There are further problems to consider. I've already expressed my wariness about the rhetoric surrounding these technologies: that when we consume these victory-over-disability images uncritically, we skirt our uglier collective repulsion about dependence. It's akin to the continued resistance we have to talking about aging. Only about a quarter of adults in the U.S. have had serious conversations about end-of-life decisions, and it's generally of the crisis kind—what happens if we die suddenly. We imagine that we'll be here one day in a basically static, able version of ourselves, and not the next. The prospect of a longer, slower period of weakness—or any protracted change in our capacities—is just too threatening to anticipate.

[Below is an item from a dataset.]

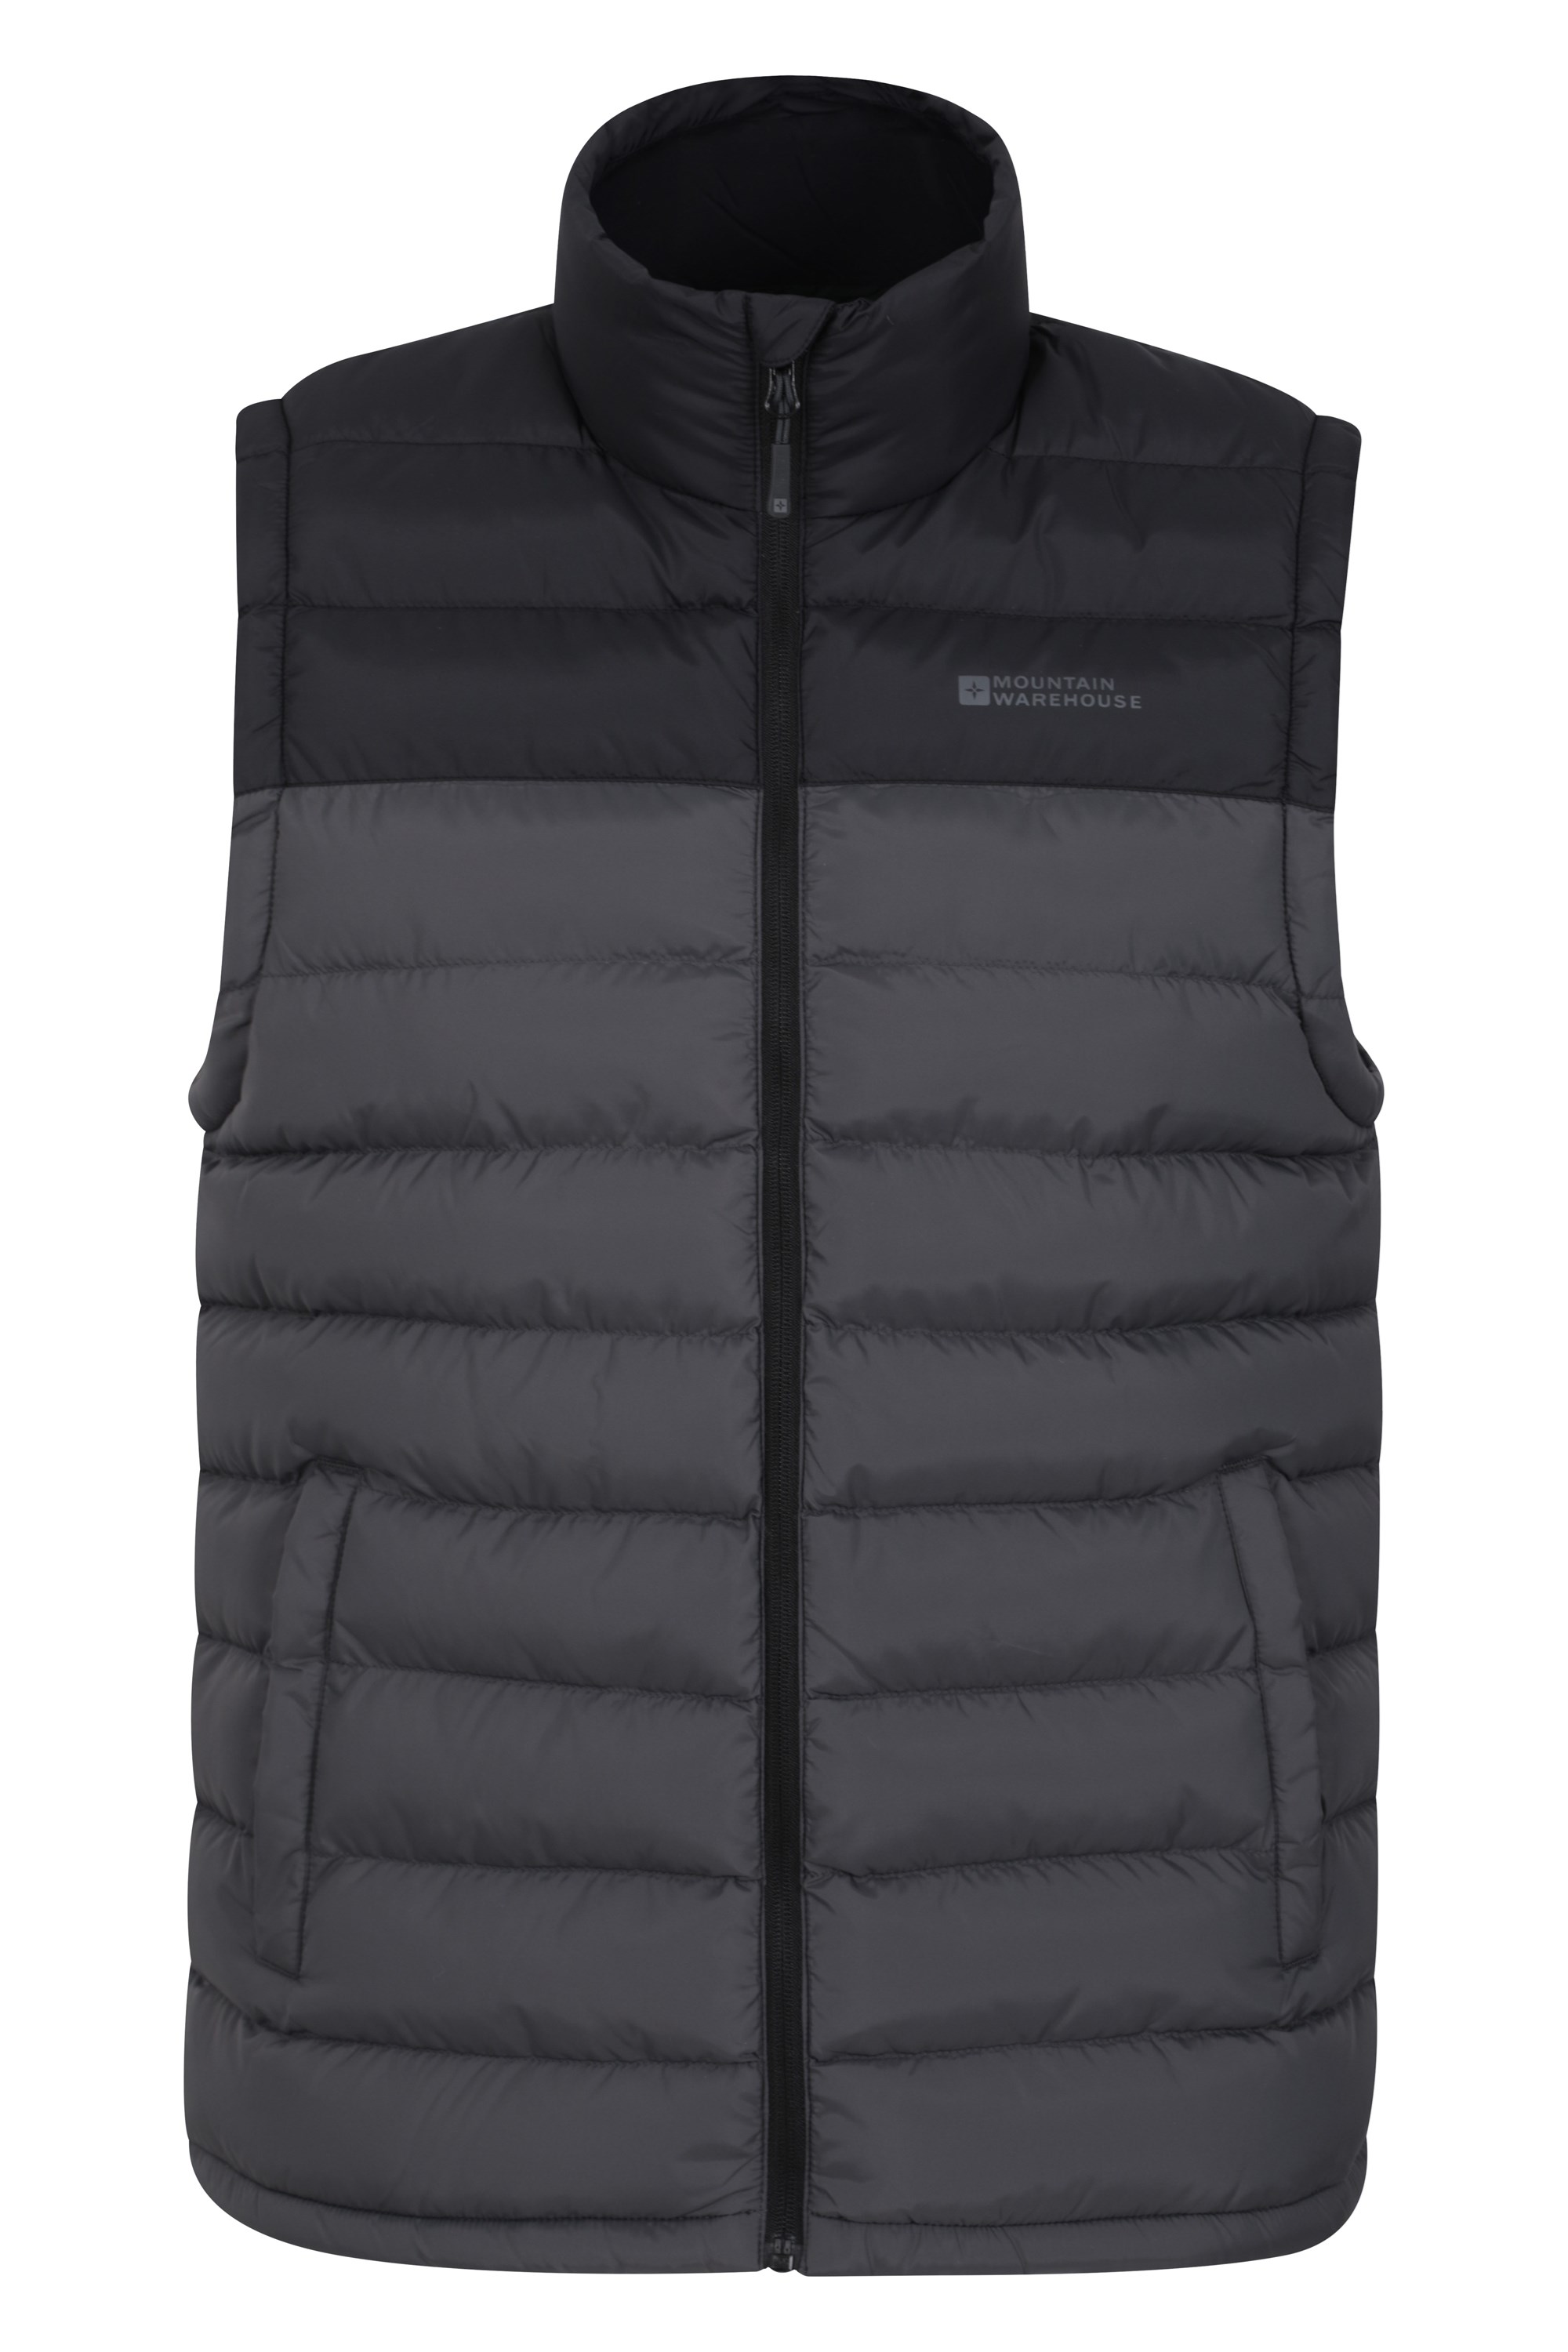 Men's Clothing Gilets Clothing for Winter Travelling Mountain Warehouse ...
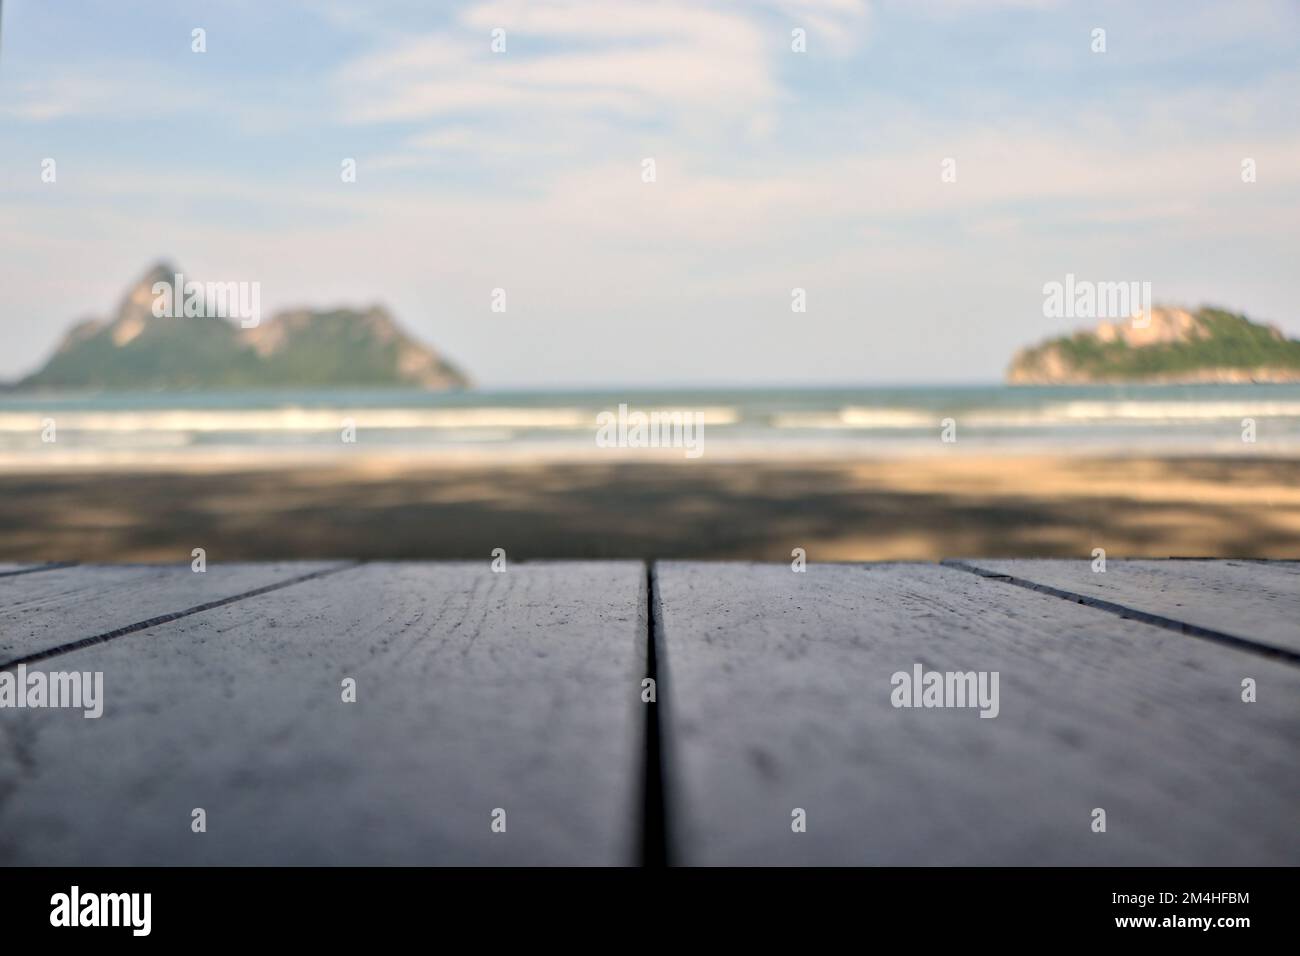 A wooden table on the sand with an island in the middle of the sea in the background. Stock Photo

And, as Matthew Battles points out, sporting bells-and-whistles-body-part-gizmos may run the risk of inviting a kind of "freak show" fascination that drew attention to abnormal bodies in the 19th century, dividing "us" from "them," however unintentionally.
[From the British Library's Bodies of Knowledge collection.]
Which brings me to consider a question someone asked me after a lecture I gave last year: Is it preferable to design adaptive devices that are elegantly designed to be camouflaged (think hearing-aid jewelry), or beautiful and conspicuous, like the legs above? And, with Wallace in mind, should we ethically aim more design research toward near-future applications, rather than wildly speculative gear that may never see the light of day?
Well—yes. To quote Maile Meloy: Both ways is the only way I want it.
I think our energy can go in all these directions, provided we're reflective enough. I've already affirmed the inherent value in playful experimentation. But the bigger challenge is to make extensive machinery that is truly extensive, truly outward in its posture. I think design matters crucially to these questions, because design for disability has the opportunity to critique the weakness of all personal technologies: its tendency to hermetically seal its user from engaging, interdependently, on the public street.
[Attention to this image via Greg Smith at Serial Consign.]
To put it another way: That ever-fancier leg—and I'm a fan of those legs!—gives much-needed independence to amputees who use them. This is enormous and worth celebrating. But blithely claiming the "end of disability" with those gadgets alone doesn't really help us figure out how to live with dependence, and dependents, in our greater cultural ecology. In our normative on-the-street experience, we have to keep creating a culture that can tolerate and dignify needs, that can keep affording accommodations. These are subtler moves.
And living with dependence may not really be about objects—or about shiny new objects, anyway. Next, I'll explore ideas in urbanism and architecture, and I'll draw some connections to what adaptive technologies, and adaptive practices, can add to the future of the built environment.